Presented By O'Reilly and Cloudera
Make Data Work
December 1–3, 2015 • Singapore

Apache Hadoop operations for production systems

Kathleen Ting (Cloudera), Jonathan Hsieh (Cloudera, Inc), Philip Langdale (Cloudera), Kostas Sakellis (Cloudera)
1:30pm–5:00pm Tuesday, 12/01/2015
Production-ready Hadoop
Location: 321-322 Level: Intermediate
Average rating: ***..
(3.62, 8 ratings)
Slides:   external link,   2-PDF 

Prerequisite Knowledge

- Basic knowledge of Hadoop platform - Knowledge of Linux command line - Laptop with internet access, web browser, and ssh client

Description

Hadoop is emerging as the standard for big data processing and analytics. However, as usage of Hadoop clusters grow, so do the demands of managing and monitoring these systems.

In this tutorial, attendees will get an overview of all phases of successfully managing Hadoop clusters, with an emphasis on production systems — from installation to configuration management, service monitoring, troubleshooting, and support integration.

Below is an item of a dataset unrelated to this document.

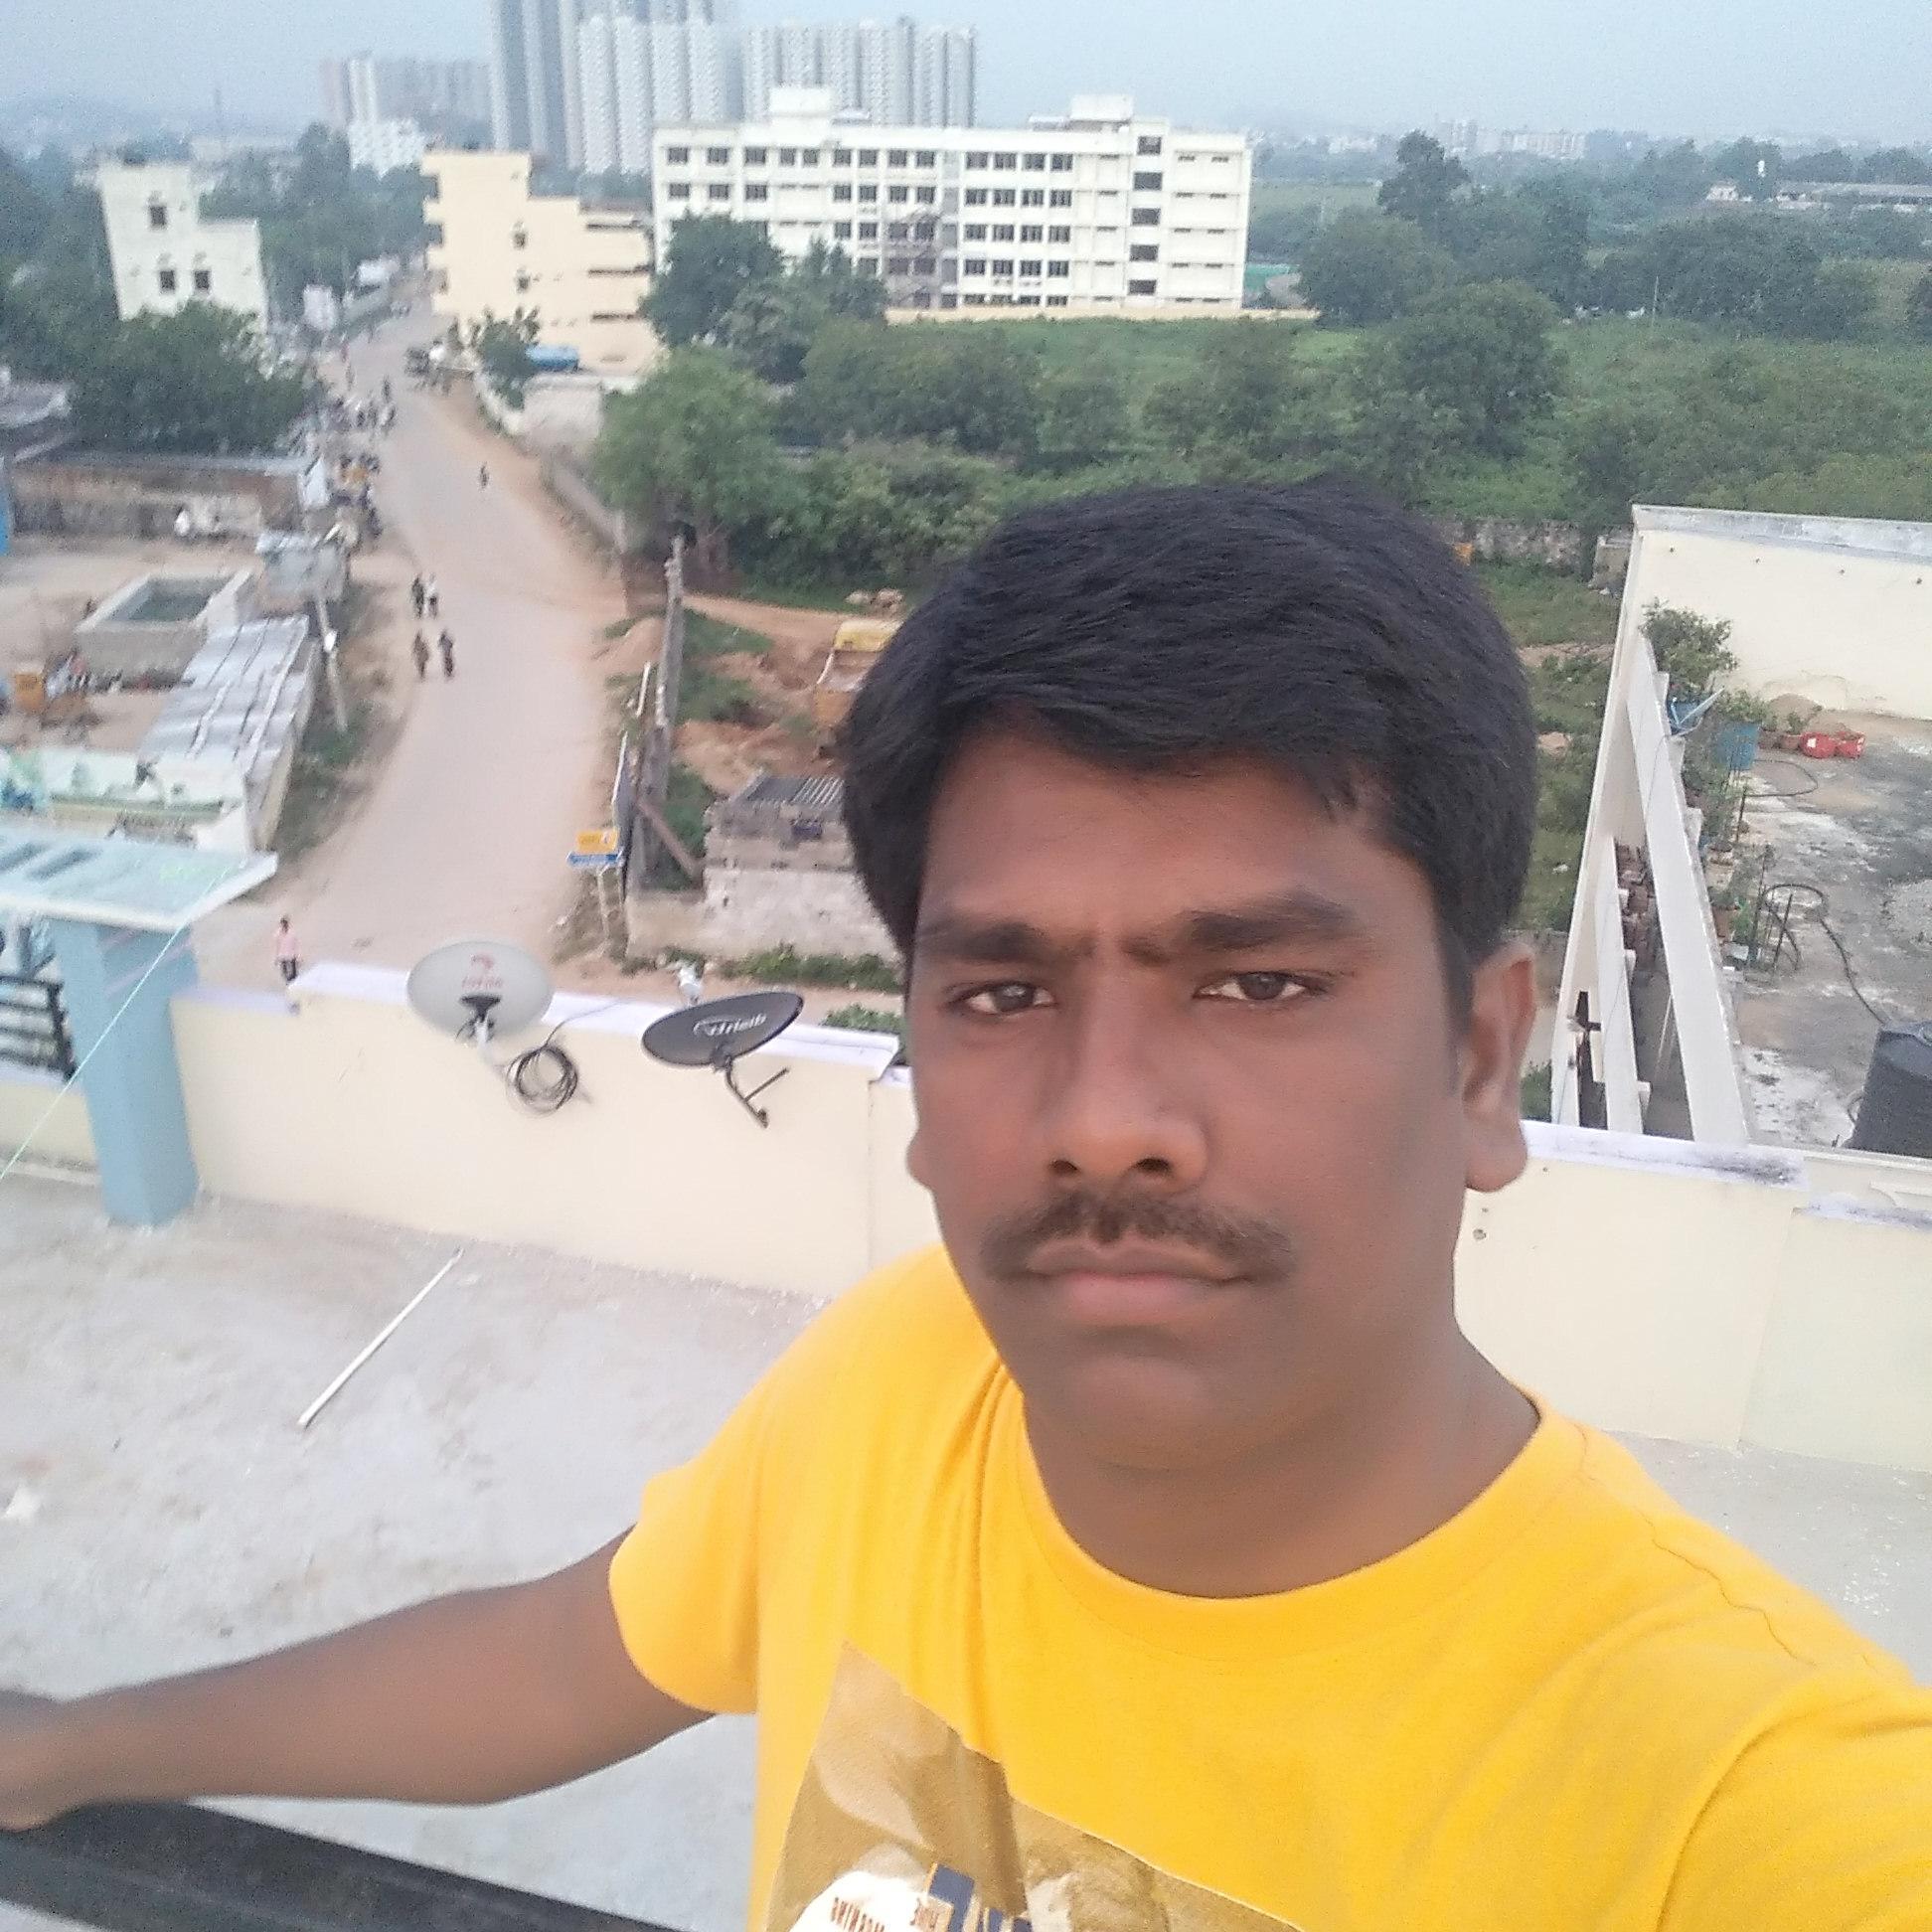 Apprao Mogili

We will review tooling capabilities and highlight the ones that have been most helpful to users, and share some of the lessons learned and best practices from users who depend on Hadoop as a business-critical system.

Agenda Topics:

  • Installation (hardware considerations, OS prerequisites, sanity testing, security considerations)
  • Configuration (mechanics, key configurations, resource management)
  • Troubleshooting (managing, troubleshooting, and debugging Hadoop clusters and applications)
    * Enterprise donsiderations (scaling, logs, failure testing)
Photo of Kathleen Ting

Kathleen Ting

Cloudera

Kathleen Ting is a technical account manager at Cloudera where she helps strategic customers deploy and use the Apache Hadoop ecosystem in production. She’s a frequent conference speaker, has contributed to several projects in the open source community, and is a committer and PMC member on Apache Sqoop. Kathleen is also a co-author of O’Reilly’s Apache Sqoop Cookbook.

Photo of Jonathan Hsieh

Jonathan Hsieh

Cloudera, Inc

Jonathan Hsieh is a software engineer at Cloudera. He is an Apache HBase committer, and Apache Flume founder.

Photo of Philip Langdale

Philip Langdale

Cloudera

Philip Langdale is the engineering lead for cloud at Cloudera. He joined the company as one of the first engineers building Cloudera Manager and served as an engineering lead for that project until moving to working on cloud products. Previously, Philip worked at VMware, developing various desktop virtualization technologies. Philip holds a bachelor’s degree with honors in electrical engineering from the University of Texas at Austin.

Kostas Sakellis

Cloudera

Kostas Sakellis is the lead and engineering manager of the Apache Spark team at Cloudera. Kostas holds a bachelor’s degree in computer science from the University of Waterloo, Canada.

Comments on this page are now closed.

Comments

Picture of Kathleen Ting
Kathleen Ting
12/01/2015 10:29pm +08

@Igor – thanks for your questions, which we’ll answer during today’s tutorial.

Picture of Kathleen Ting
Kathleen Ting
12/01/2015 10:27pm +08

Thanks for the interest and our Strata Singapore slides can be found here: http://tiny.cloudera.com/hadoop-ops-singapore-slides

Igor Nikolaev
11/27/2015 1:45am +08

How to monitor and deal with filling disks?

Igor Nikolaev
11/27/2015 1:44am +08

How to deal with under replicated and corrupted blocks?

Igor Nikolaev
11/27/2015 1:42am +08

What is a strategy of monitoring and replacing broken disks?

Igor Nikolaev
11/27/2015 1:32am +08

Is it a good idea to install Hive Server2 on all nodes?